Big day for the future of wireless in the U.S. market yesterday — the announcement that Sprint Nextel, Clearwire, Google, Intel, Comcast, Time Warner, and others have formalized their plan to collaborate in a nationwide rollout of a fourth-generation WiMAX network is nothing short of huge. This demonstrates how diverse the convictions are in the tech sector about the opportunity for an open, data-centric wireless broadband fabric, and it should end a great deal of debate about whether a Sprint-only effort to do that was going to succeed.
That’s progress of a very real sort. Just a month ago, April 2nd was a whip-saw day for wireless in the Wall Street Journal: The U.S. edition featured two contradictory stories cheek by jowl on one page.
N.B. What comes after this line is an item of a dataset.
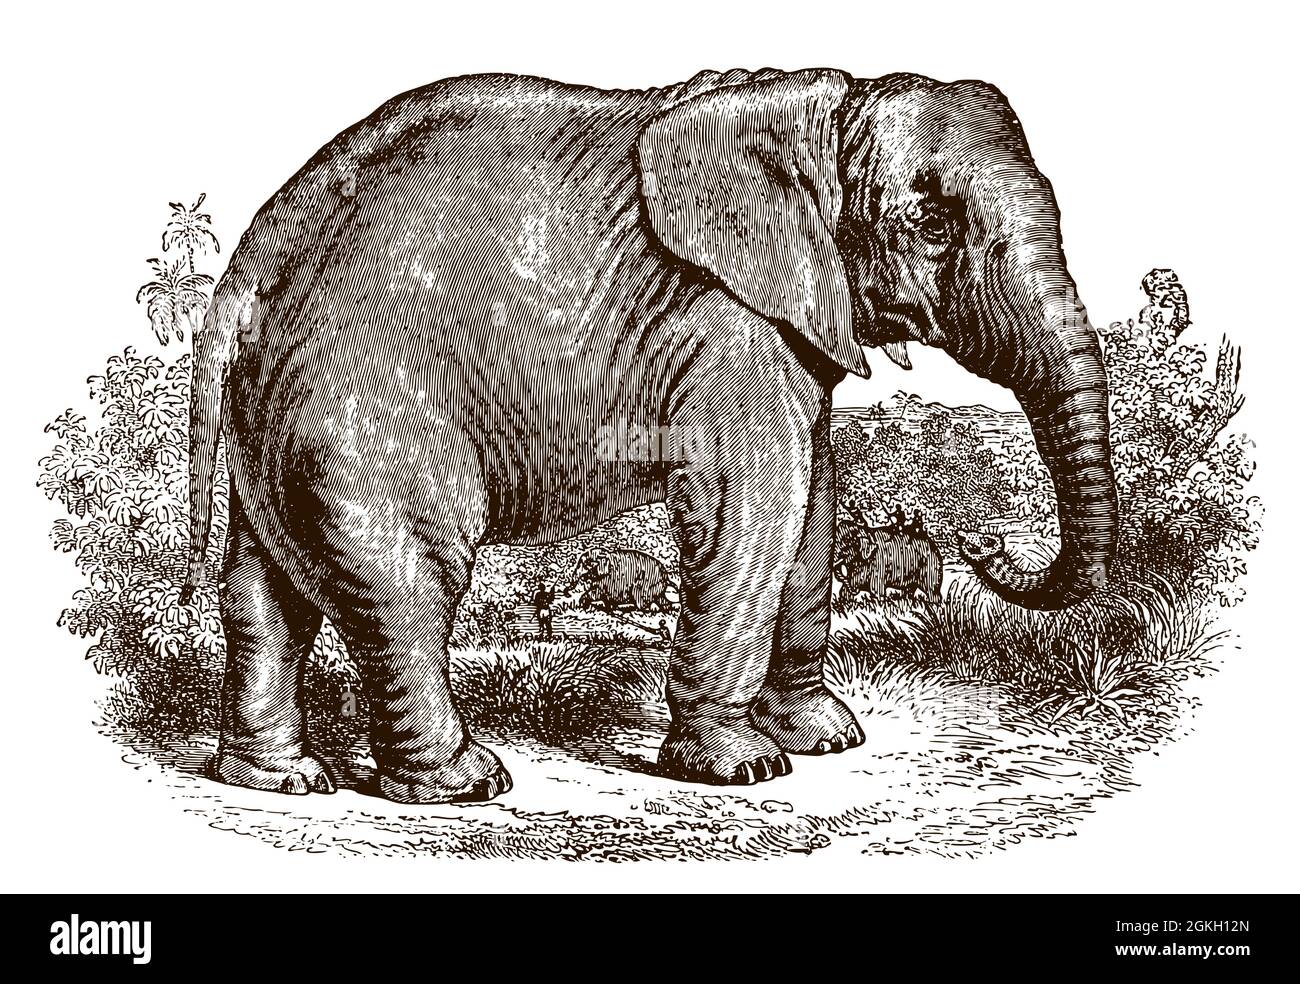 Bedrohter afrikanischer Elefant in Seitenansicht, stehend in einer grasbewachsenen Landschaft mit Bäumen. Illustration nach antikem Stich aus dem 19. Jahrhundert Stock Vektor

At the top, a report from Beijing on Intel’s splashy launch of so-called “ultra-mobile devices,” showcasing a number of new product concepts using a purpose-built low-power chipset and functionally offering something less than a PC but more than a phone.
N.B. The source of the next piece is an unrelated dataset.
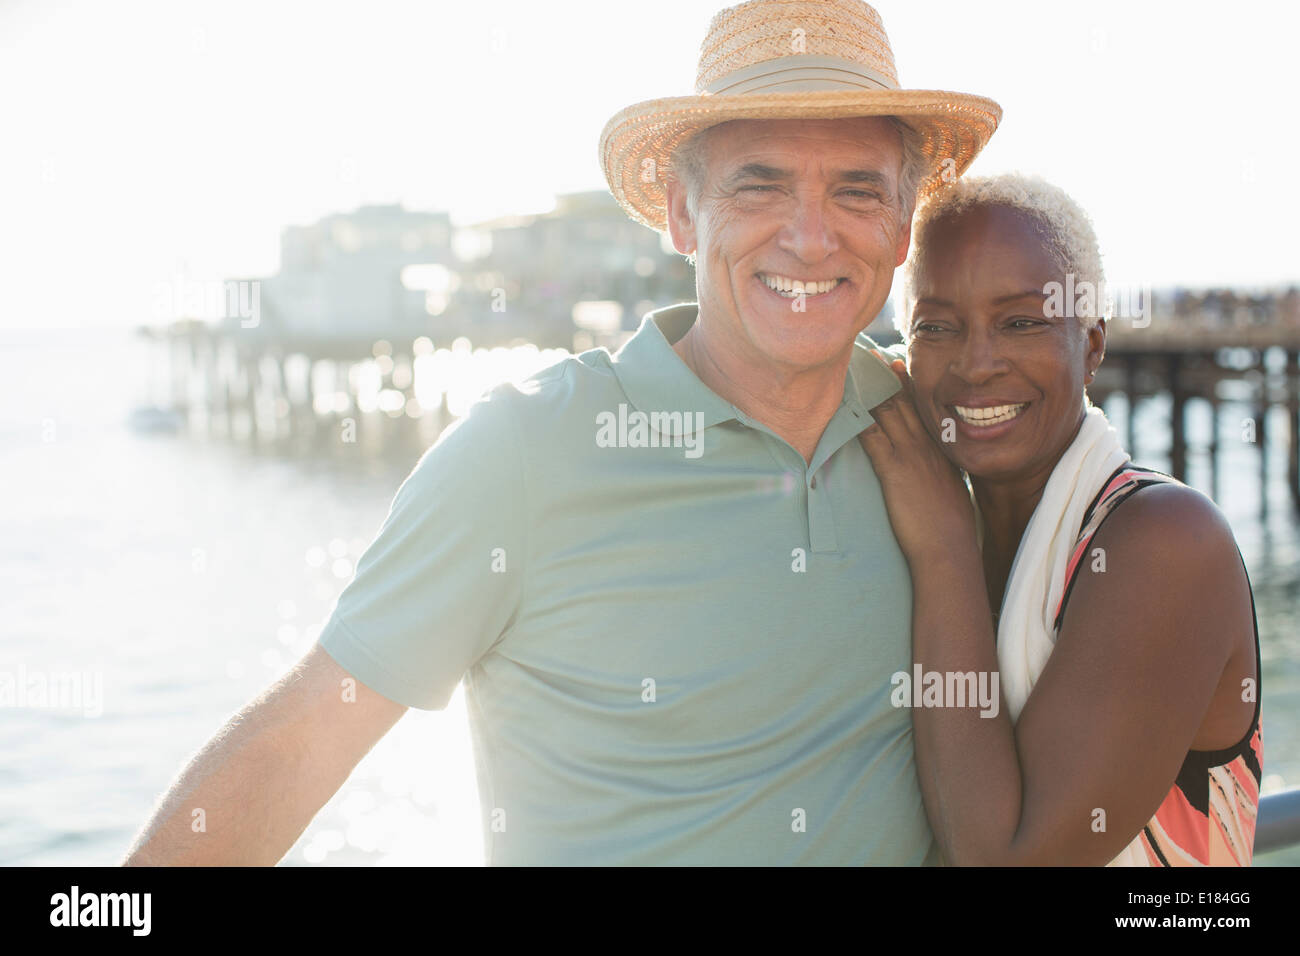 Portrait of happy senior couple on beach Stock Photo

But just below the fold, you’d have found a summary of the FCC’s reluctance, announced at CTIA, to force the U.S. wireless operators to open their networks to devices not authorized by the operators themselves.
The national WiMAX announcement, along with that first story on April 2nd, speaks to the opportunities we see at Yankee Group for an internet of devices well beyond today’s PC and phone approaches – although frankly I saw little in these early concept products to spark the demand that I do believe lurks in that gap.
That below-the-fold April story showcases the resistance of U.S. wireless operators to recognize one of the imperatives of the Anywhere revolution, which is for an open platform. The FCC thinks the operators are doing enough to open up their networks. But can a network be ‘kind of open’ any more than someone can be ‘a little bit pregnant’?
The good news is, we’re going to find out! Onward and upward.